Wednesday, May 7, 2008

Those Were The Days

It seems I have reached that age when I can say, "well back in my day...." Of course I realize how young I really still am, but my how things have changed since my childhood. A few weeks back I was with friends reminiscing about the popular music of our younger days and how great it is compared to todays pop music. I must say I somewhat enjoy that feeling of superiority to the younger generations. Nobody born after 1995 can say they know what life without cell phones, computers, or internet was like and countless other things just like that. My philosophy professor always talks about how it is his dream to become the old man who sits on his front yard in a lawn chair with hose in hand ready to spray any youngin who dares step on his lawn, and then to go for a walk only to stop and stare at the local neighborhood construction site for a good 10 minutes before yelling, "Only took 2 of us to do that job in my day."I can almost picture myself being that man someday. I of course hope to be much more friendly than that, but I'm sure I will think such things.
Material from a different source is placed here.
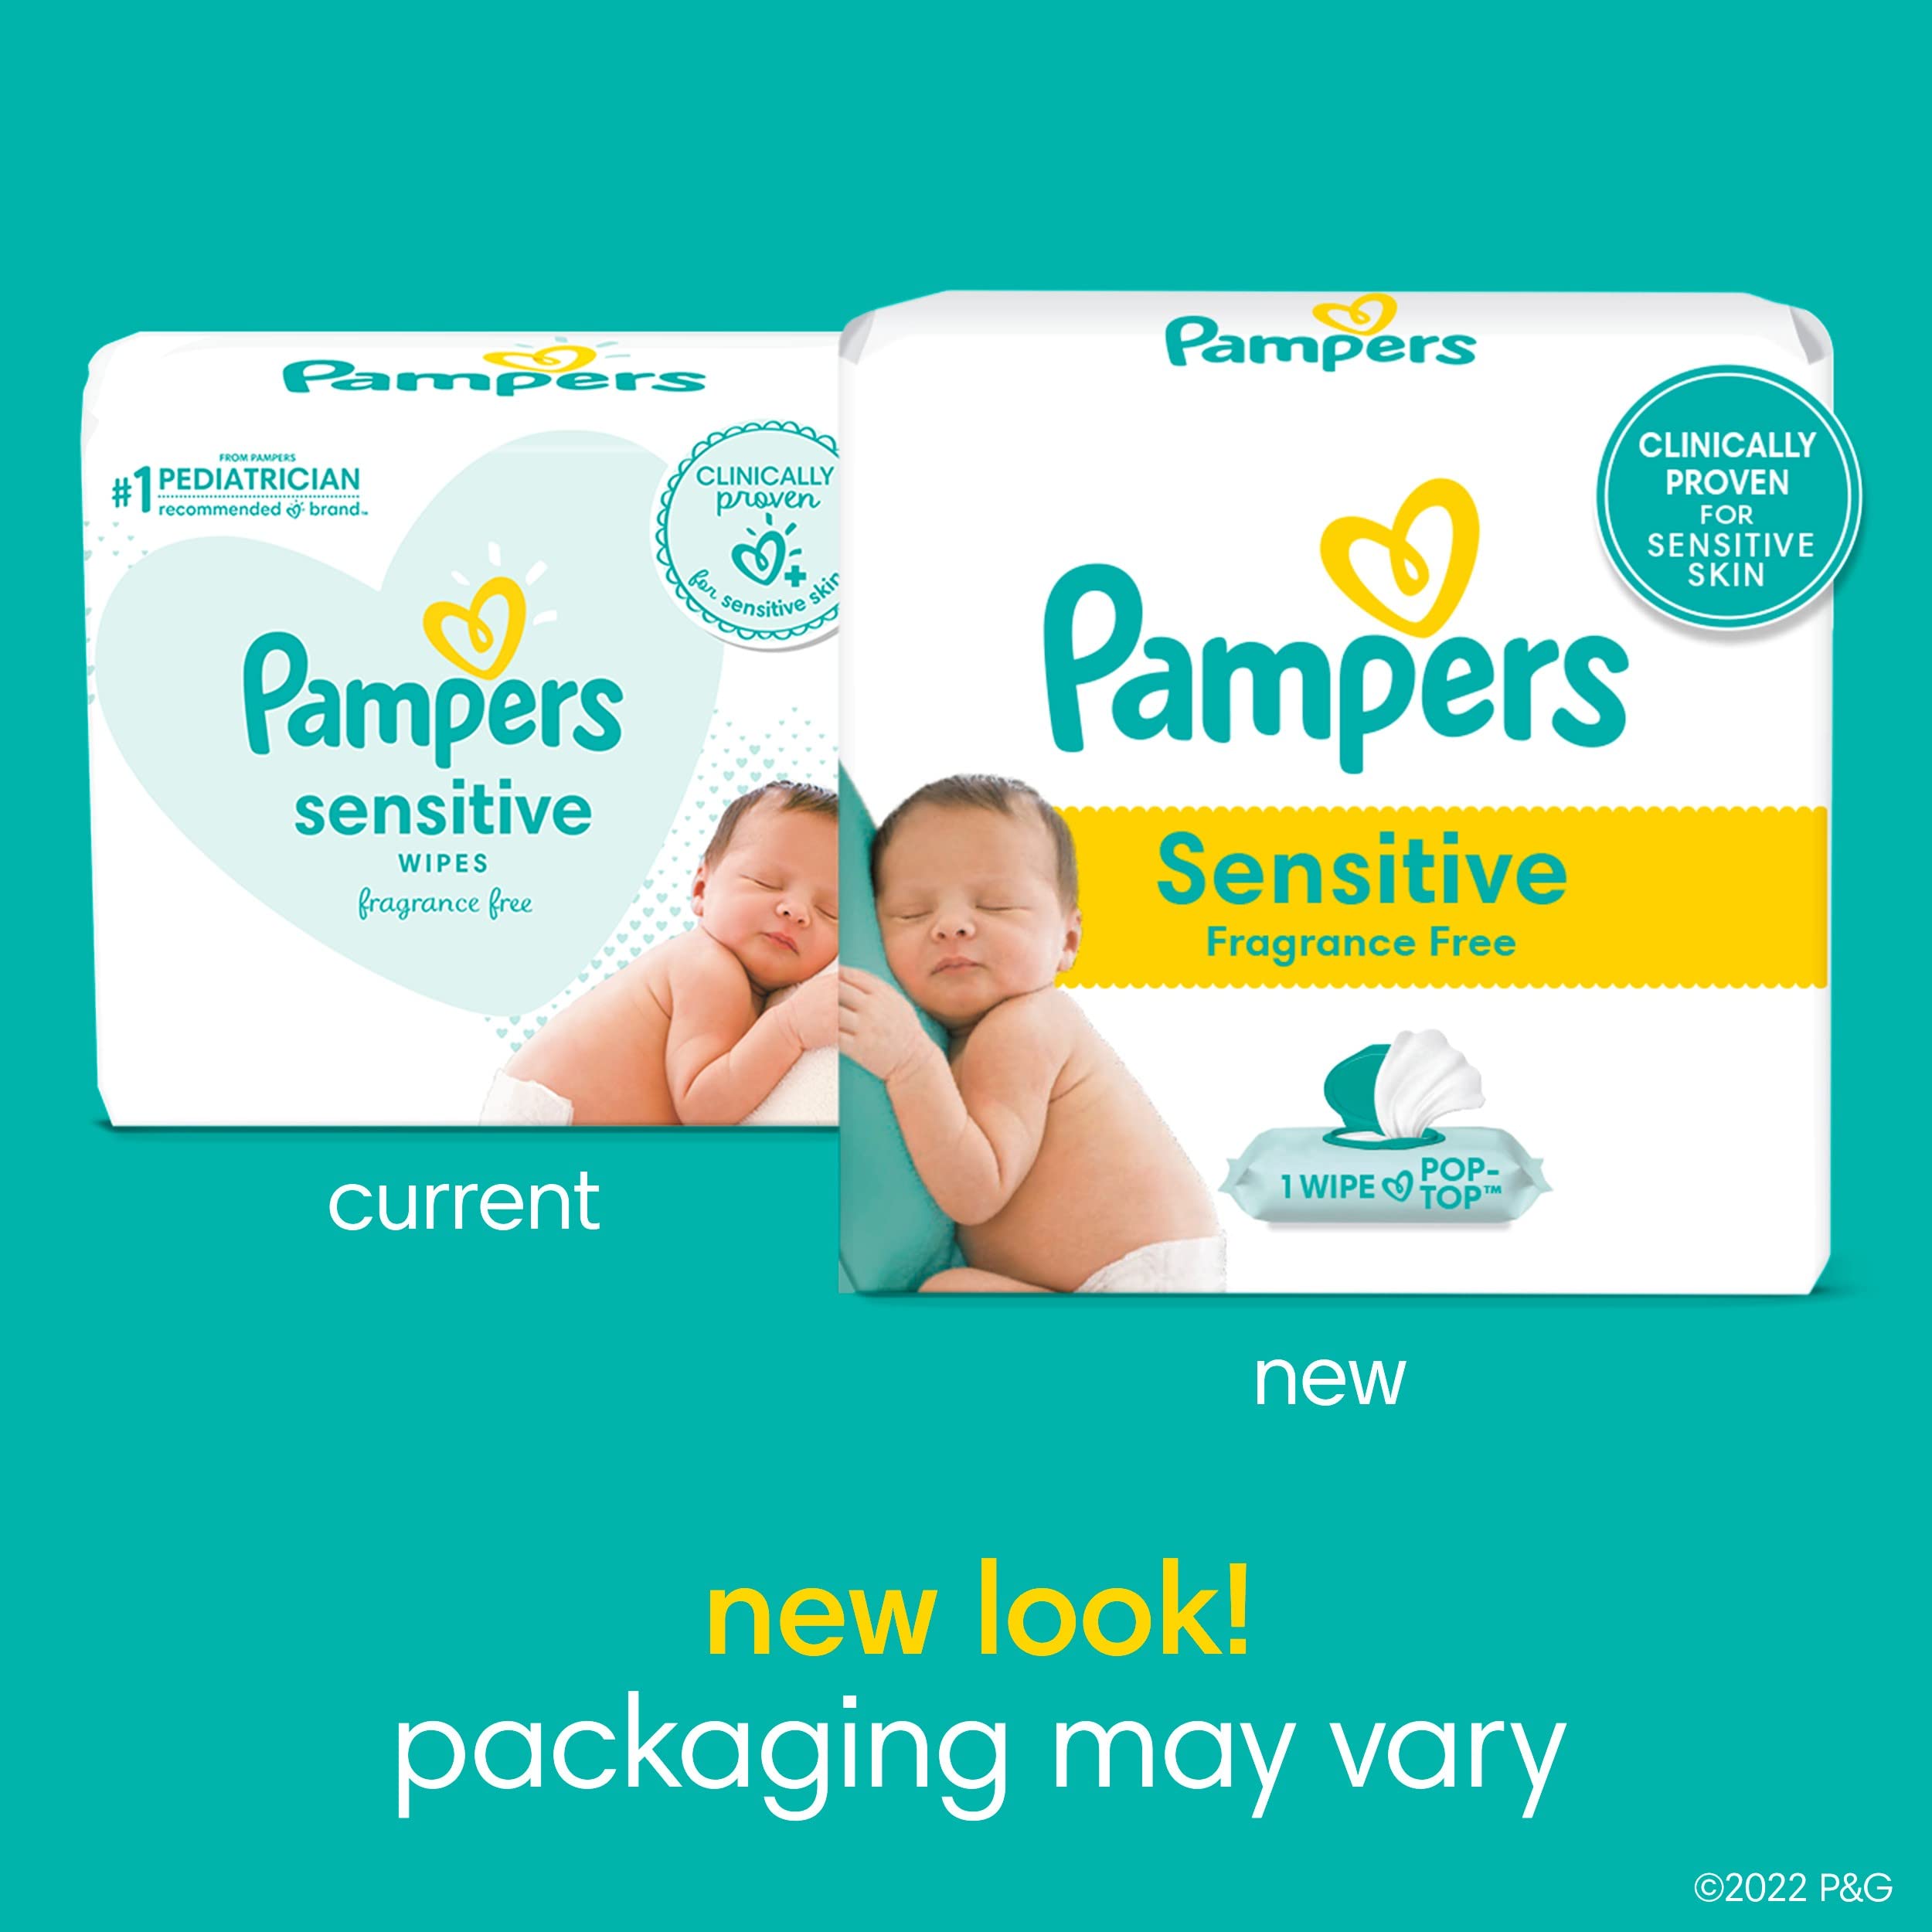 Baby Wipes, Pampers Sensitive Water Based Baby Diaper Wipes, Hypoallergenic and Unscented, 8 Pop-Top Packs with 4 Refill Packs for Dispenser Tub, 864 Total Wipes (Packaging May Vary)

A couple weeks ago , during a class break, I decided to go get myself a candy bar. I had been craving one for quite some time now and I couldn't even remember when the last time I had one was. So I went down to the little concession stand and noticed there was no price listed for any of them. I pondered what the price might be for a second, and decided to go ahead and get it. Once I saw the price get rung up, I immediately regretted my decision: $1.16 for a candy bar. Being the frugal man I am, I hate spending money on such pointless things as candy even if it is just a dollar, but I especially hate it when it is over a dollar. Now I am not too ignorant to know that this price isn't really out of the ordinary, but I guess I kind of hoped being at a school they would maybe have cheaper prices since everyone there is a poor student. After 5 years of college, I should definitely know better than this. With everything from books to food, the only time you get cheaper prices for anything as a student is when you are off campus. So anyways, even though I wanted to reject the cashier right then and there, in order to avoid any embarrassment or whatnot, I pulled out two $1 dollar bills and reluctantly handed them over for this overpriced reese's peanut butter cup. After leaving I reminisced about my old grade school's vending machines where you could get a candy bar or bag of chips and a soda for exactly $1. Thats right, 50 cents for a soda, or 50 cents for a food item, or $1 for both. It was the best deal ever really. Those were the good old days. The prices were never raised until sometime midway through high school which is when I stopped buying from them. I'm sure my parents can talk of the days when they could get both for a quarter or something like that, but I am just glad I was born in time to experience really being able to get something satisfying with just 1 dollar.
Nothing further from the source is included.